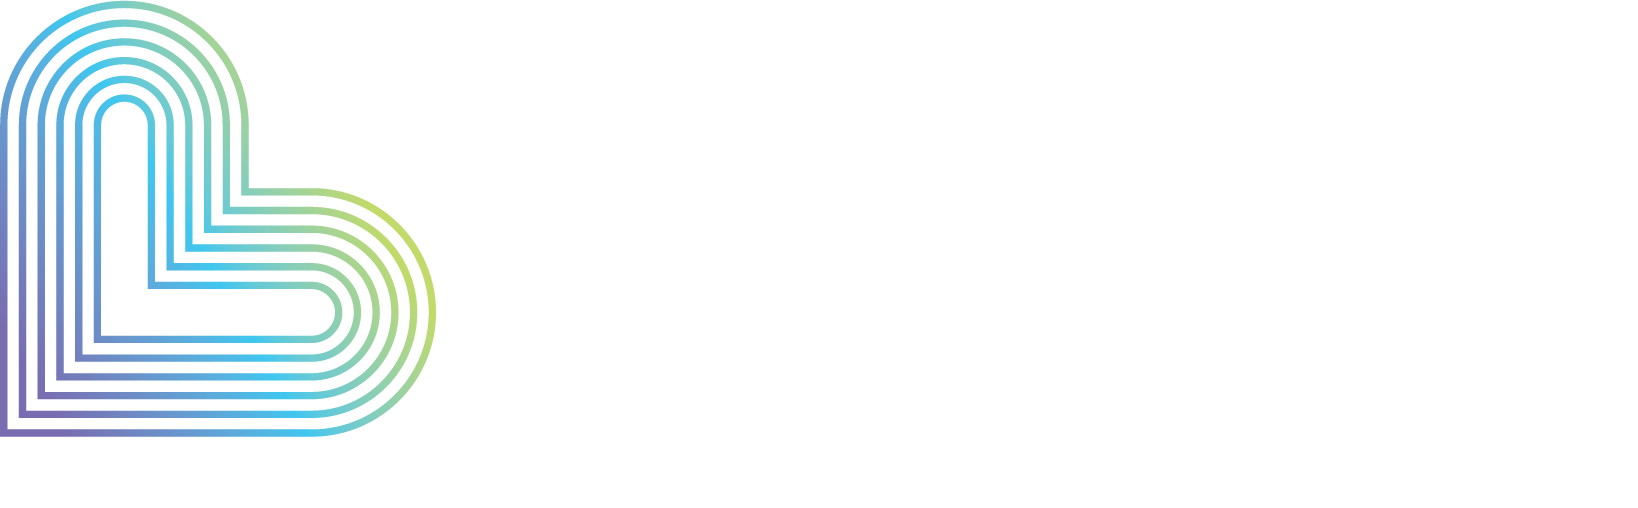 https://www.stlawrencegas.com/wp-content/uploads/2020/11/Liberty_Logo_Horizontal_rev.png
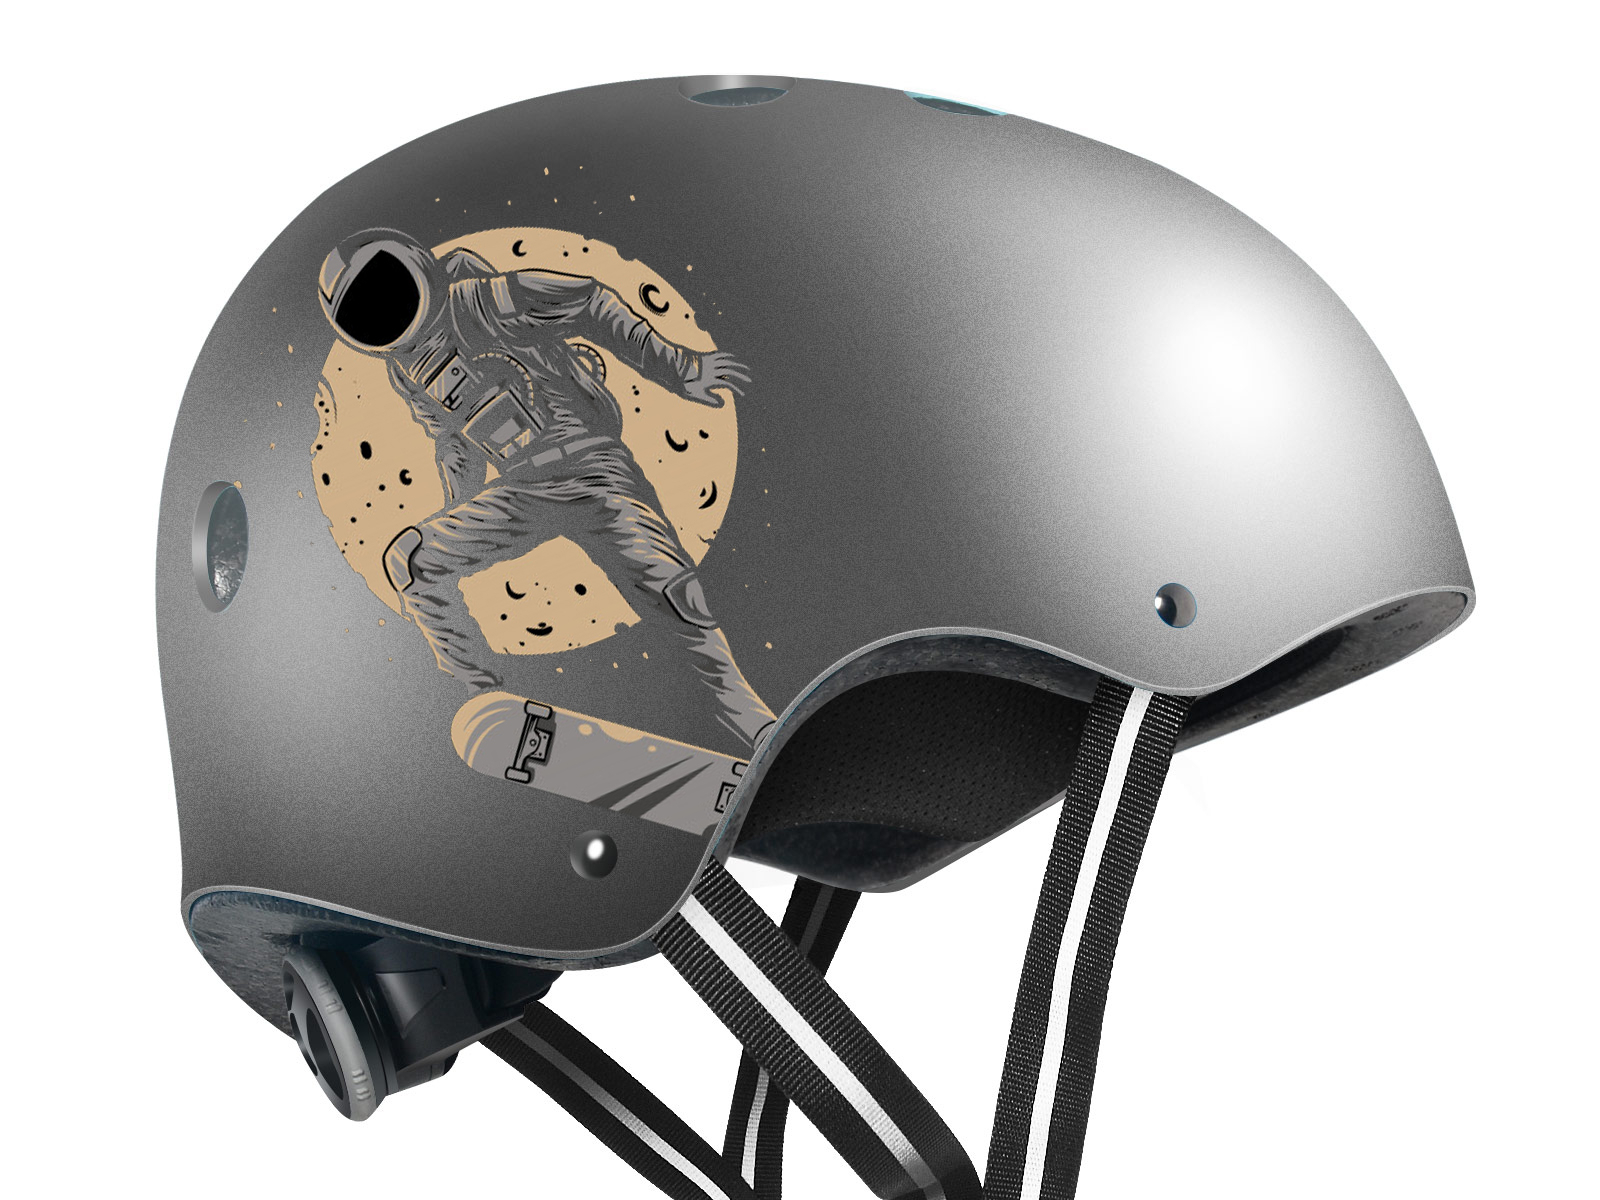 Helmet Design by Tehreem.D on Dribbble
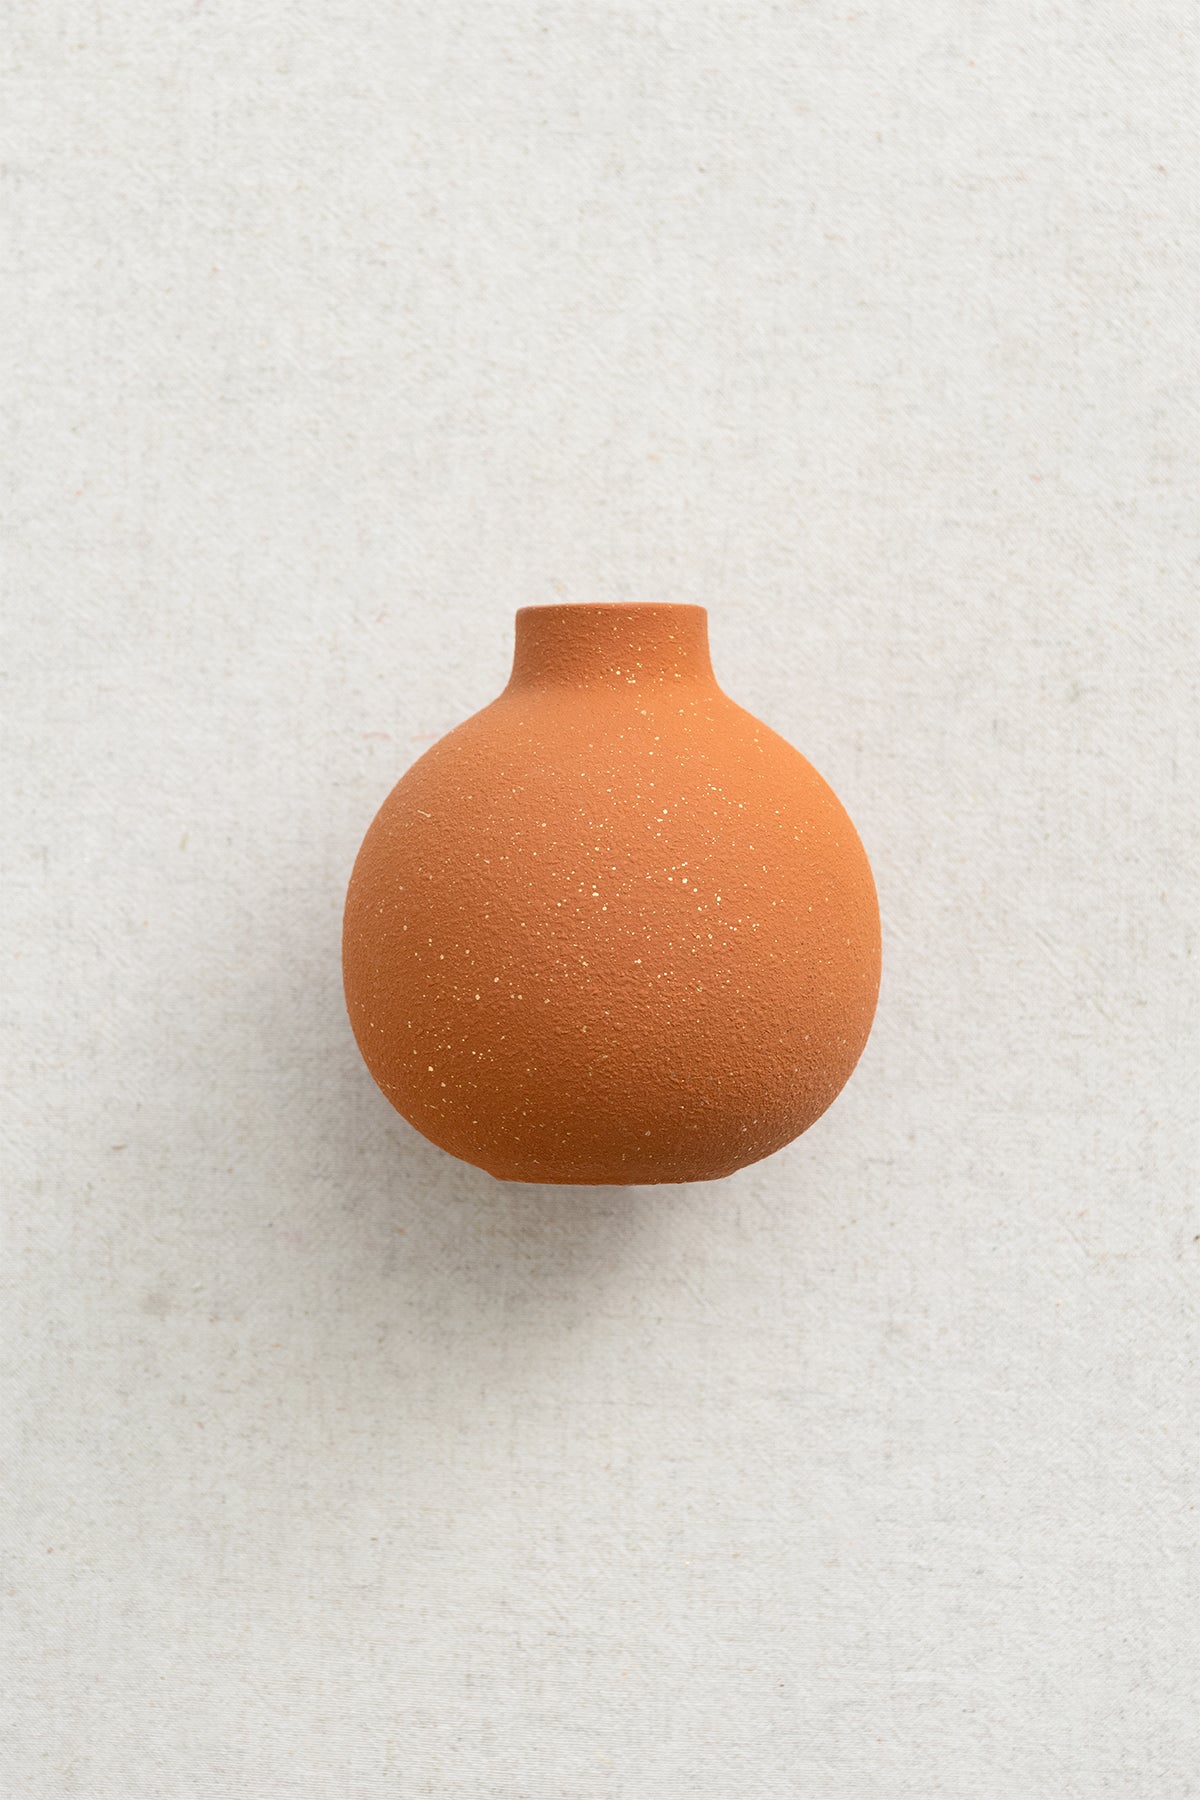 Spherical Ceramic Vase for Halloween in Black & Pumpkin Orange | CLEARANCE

════

What needs to be done> Give the material above again exactly as it stands, minus any images.

Result of the task>
 https://www.stlawrencegas.com/wp-content/uploads/2020/11/Liberty_Logo_Horizontal_rev.png
 Helmet Design by Tehreem.D on Dribbble
 Spherical Ceramic Vase for Halloween in Black & Pumpkin Orange | CLEARANCE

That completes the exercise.